The NY Times article suggested that people calling them fakers likely raised their stress level and prolonged their suffering. What was gross was how all these parasites like Erin Brokovitch started sniffing around making everything worse.

A serious question - could the treatment for someone suffering from mass hysteria be a placebo?

If you mean “could you give them a placebo and would it work”? the answer is no, because it is unethical to give placebos for treatment. If you are asking if “real” treatment is needed, the answer is probably no, unless you think of reassurance as a treatment.

My example was about conversion, not mass hysteria, but the physical therapy the conversion patients got was just to reassure them.

There’s a classic story in one of Berton Roueche’s books on medical detection about an episode of mass hysteria, which started in a Miami elementary school with the fainting of an 11-year-old girl.* About seventy other students then began feeling faint, nauseous and collapsing. In short order, medical teams, fire rescue and environmental investigators began combing through the school for answers (an environmental toxin was suspected because of a funny odor in the halls**).

In the midst of all this chaos, the head of the medical team, convinced that this was an outbreak of mass hysteria, convened an impromptu news conference, convinced skeptical parents of the problem, and took decisive action to stand down the “emergency”. The rescue teams left, the kids started recovering and things were back to normal in relatively short order.
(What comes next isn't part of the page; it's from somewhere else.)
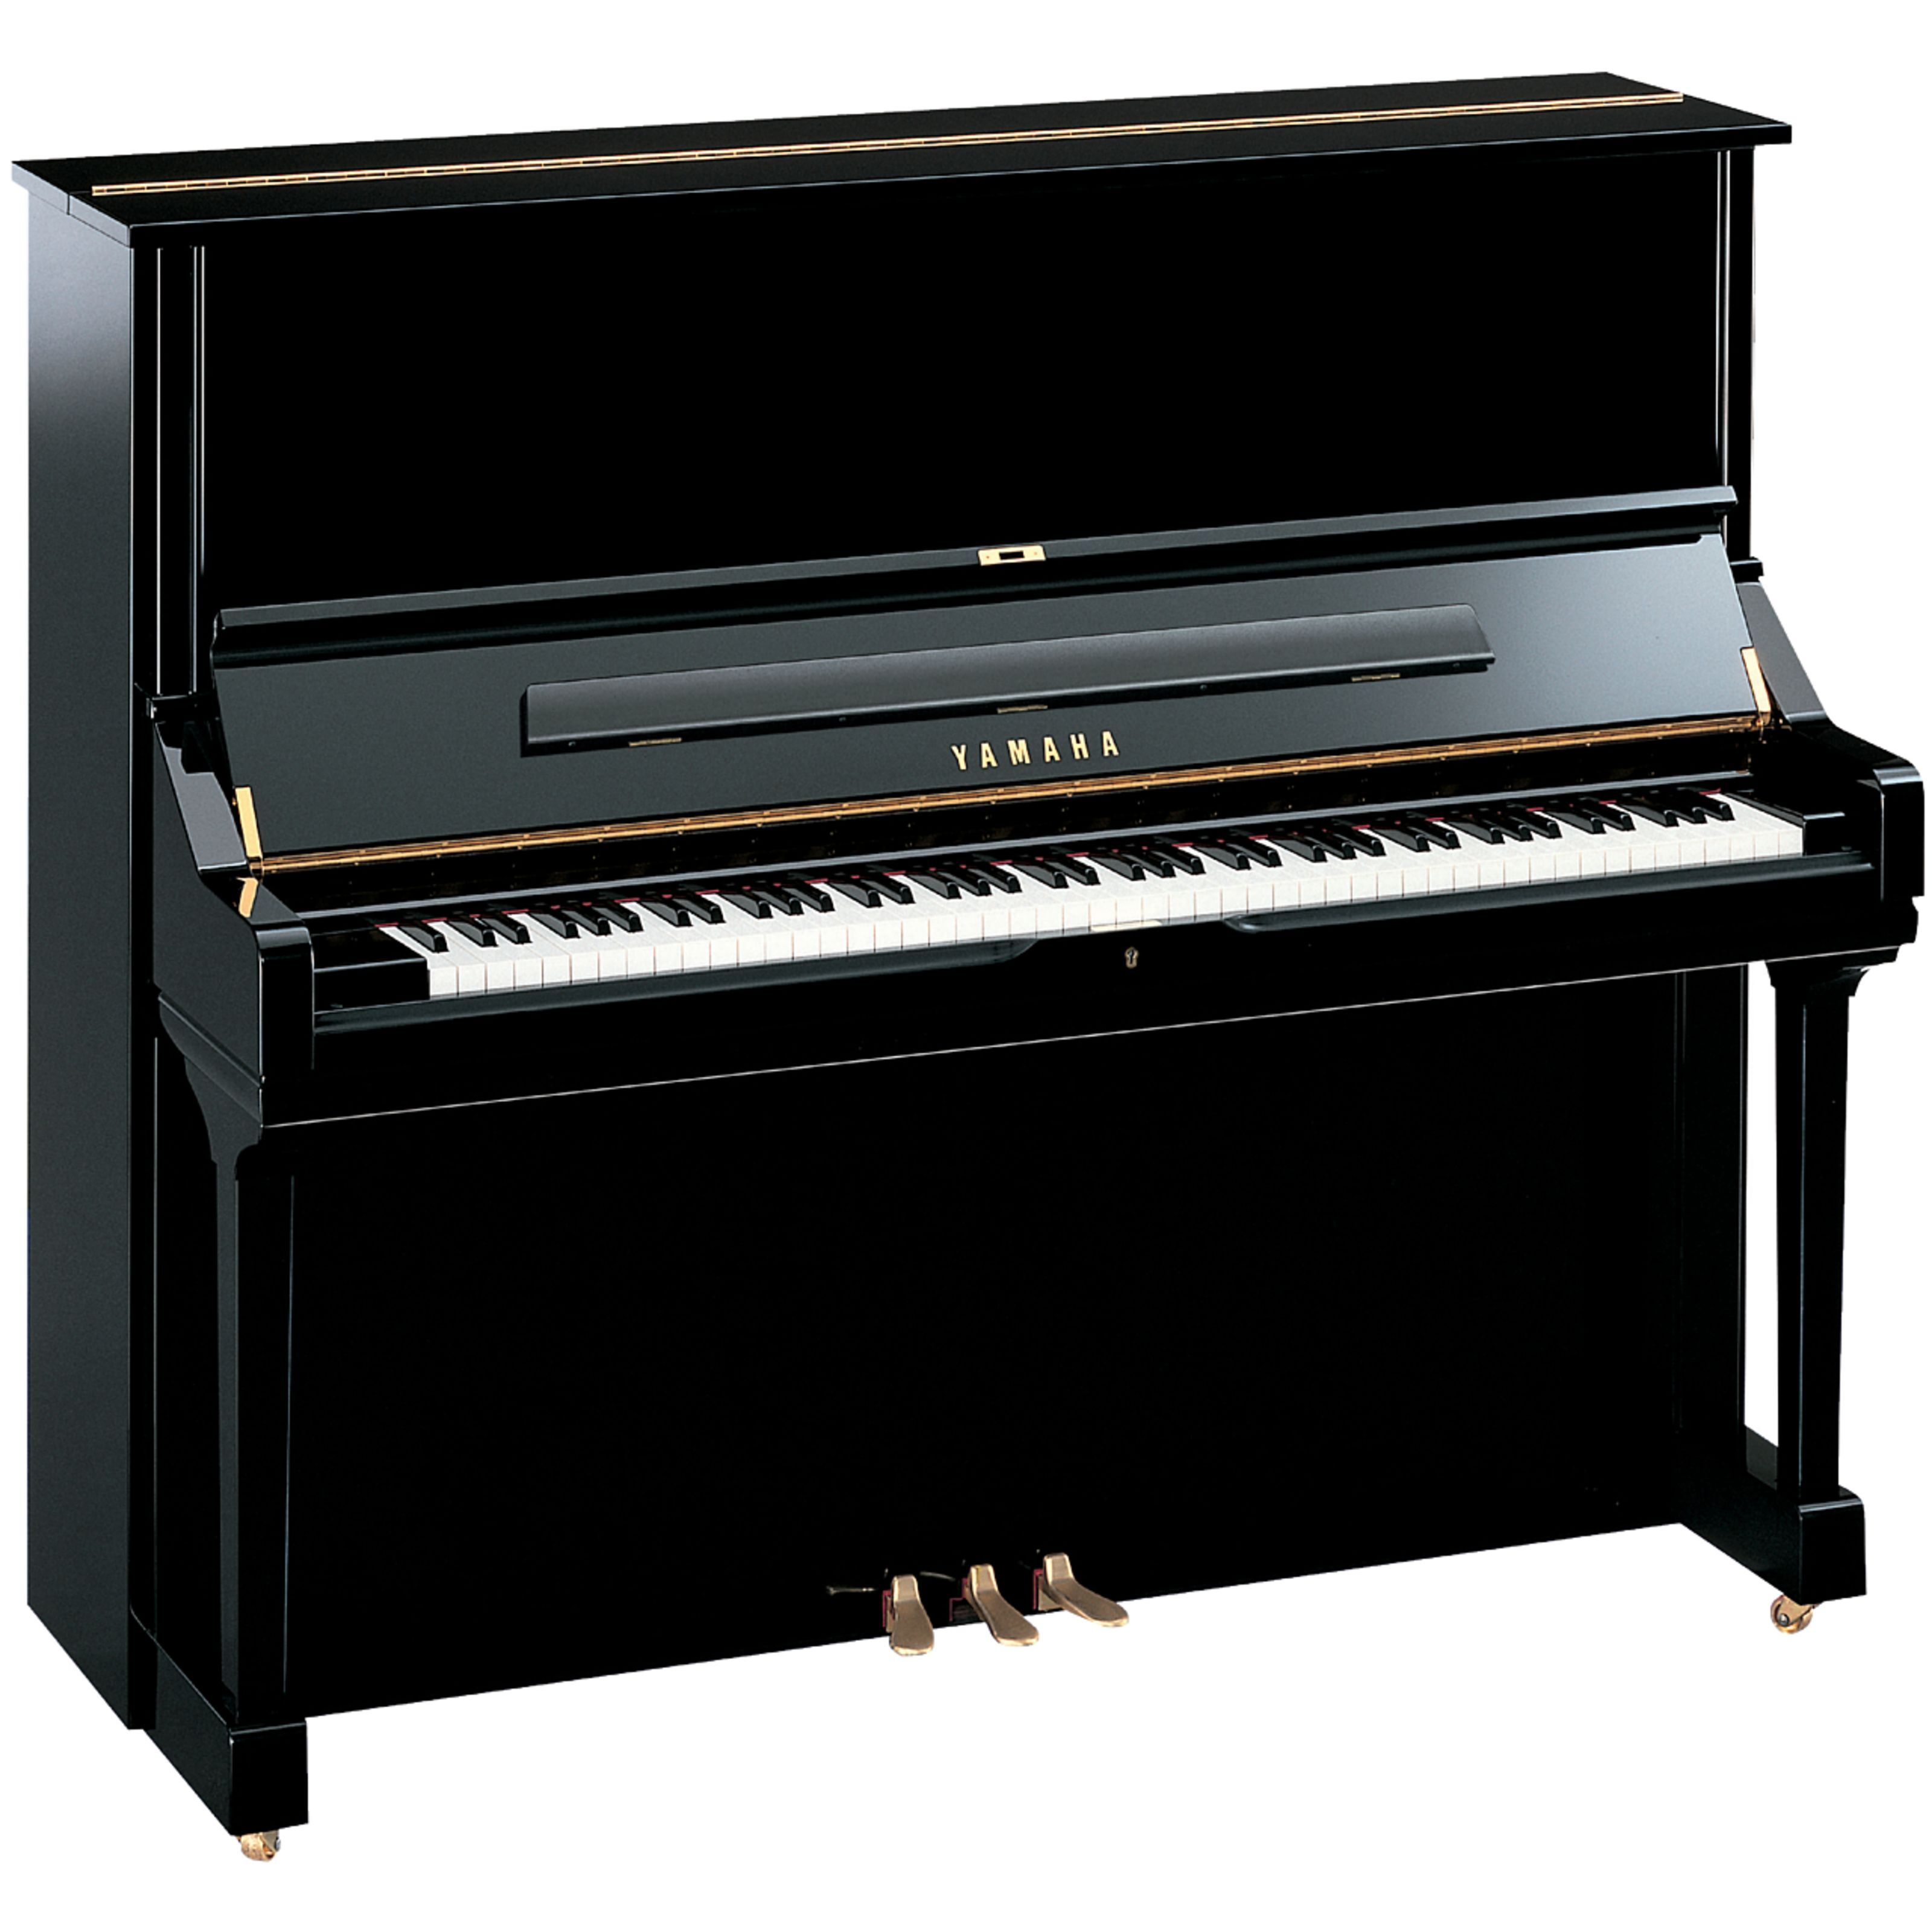 Yamaha U30BL Bj. '87 schw. pol., 131cm - Gebraucht Klavier

So what’s needed to “treat” these cases (after other reasonable causes have been excluded) could mostly be a firm hand and rejection of bullshit explanations by people with axes to grind (such as Erin Brockovitch). Endless investigations and finger-pointing don’t help the sick kids.

*the trigger case, a girl named Sandy, was a popular student who had a respiratory illness. The others who popped up with the same symptoms were experiencing mass hysteria.
**the “funny odor” in the school was from a harmless adhesive used to put down new carpets.

That was something touched upon in the article - how the student population at the high school was being split between healthy kids, kids who were perceived to be totally faking their illness and kids that felt the need to prove that they truly were sick… not a situation that will lead to a cure of this conversion disorder.

I’m convinced that this is a real illness - but a mental illness, not one caused by drugs, toxins or an outside source. I don’t think anyone is really faking (at least not the girls in the core group being treated), but perhaps accepting that they don’t have to prove that they are sick will be sufficient to start to heal.

For their sake, I hope so, and I hope outsiders are more respectful than to go around saying “Ha, bullshit!”

No it wasn’t. It had about two pages at most of useful information and was padded and bloated with all kinds of touchy-feely nonsense.

I was thinking on the first page that it was some form of group hysteria, so unless they would ultimately demonstrate it was something else, the last nine pages were mostly a waste.

And the writer didn’t draw any conclusions – there was an implication that it was all psychosomatic, but I think she wouldn’t say it outright out of fear of offending that community.

I’m thinking that that might be the case too. And to me, that’s far more fascinating than a toxin.

In the NY Times article, some of the kids start to get better while being treated with antibiotics by a doctor who is convinced that they have an infection. The article suggests that their improvement might be due to the placebo affect.

The idea of an actual mental condition being contagious or virulent is interesting as well.

It is, and it happens far more often, but in subtler ways, than you might think. A psychologist friend wanted to do a study about how an entire nation can dissociate.

There was a student I knew who had some compulsive behaviours around getting her work done. She was doing a very demanding course and was being compelled to put in 18 hours a day every day. One day she woke up with a paralysed right hand – so she couldn’t write any more. There’s a bit more to the story but it sounds like this would have been a conversion disorder then.